Autophagy related 7 is a protein in humans encoded by ATG7 gene. Related to GSA7; APG7L; APG7-LIKE.

ATG 7, present in both plant and animal genomes, acts as an essential protein for cell degradation and its recycling. The sequence associates with the ubiquitin- proteasome system, UPS, required for the unique development of an autophagosomal membrane and fusion within cells.

ATG7 was identified based on homology to yeast cells Pichia pastoris GSA7 and Saccharomyces cerevisiae APG7. The protein appears to be required for fusion of peroxisomal and vacuolar membranes.

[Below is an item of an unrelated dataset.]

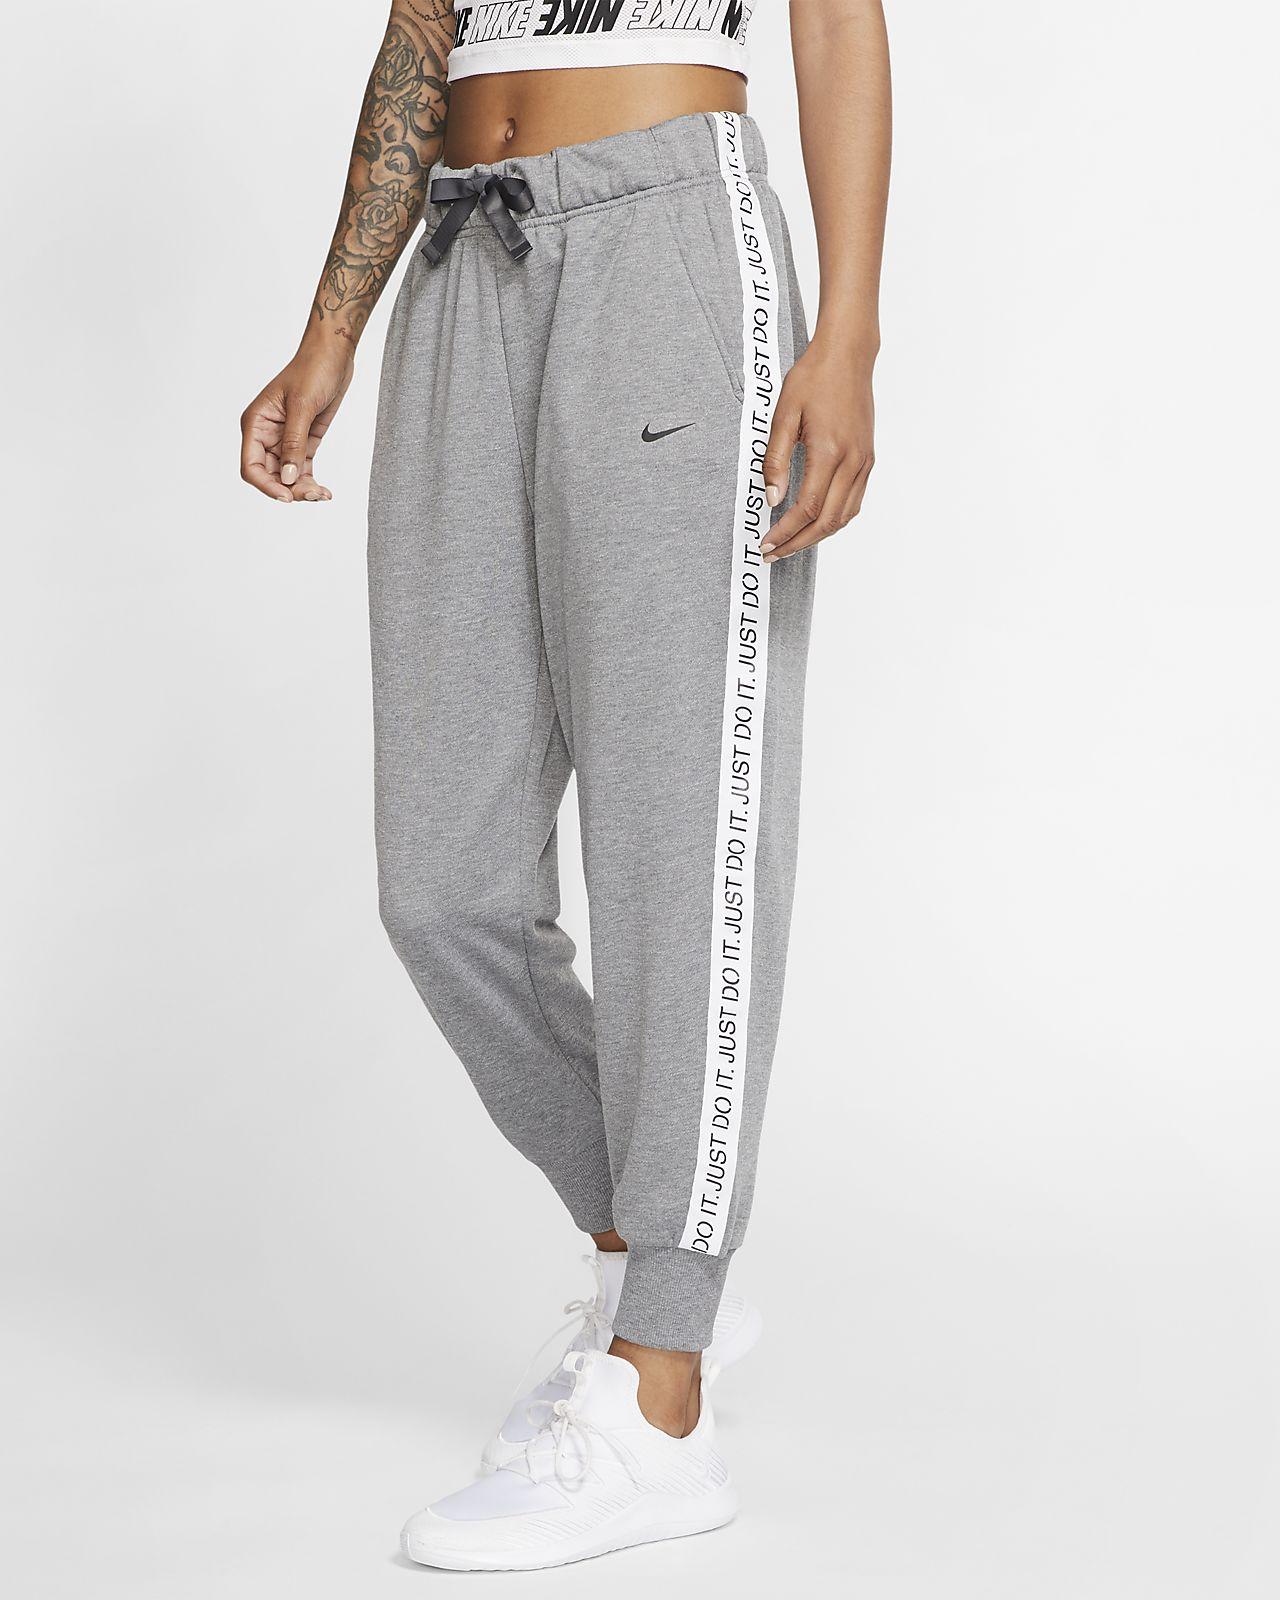 Damskie spodnie treningowe z dzianiny 7/8 Nike Dri-FIT Get Fit

Autophagy is an important cellular process that helps in maintaining homeostasis. It goes through destroying and recycling the cytoplasmic organelles and macromolecules. During the initiation of autophagy, ATG7 acts like an E-1 enzyme for ubiquitin-like proteins (UBL) such as ATG12 and ATG8. ATG7 helps these UBL proteins in targeting their molecule by binding to them and activating their transfer to an E-2 enzyme. ATG7's role in both of these autophagy-specific UBL systems makes it an essential regulator of autophagosome assembly.

Homologous to the ATP-binding and catalytic sites of E1 activator proteins, ATG7 uses its cysteine residue to create a thiol-ester bond with free Ubiquitin molecules. Through UPS, Ubiquitin will continue to bind to other autophagy-related proteins, E2 conjugation proteins and E3 protein ligases, to attach Ubiquitins to a target substrate to induce autophagy.

ATG 7 is often associated with ATG12/ ATG5 sequenced ubiquitination cascade. As well in presence of p53 cell cycle pathways during stressed and nutrient poor environments.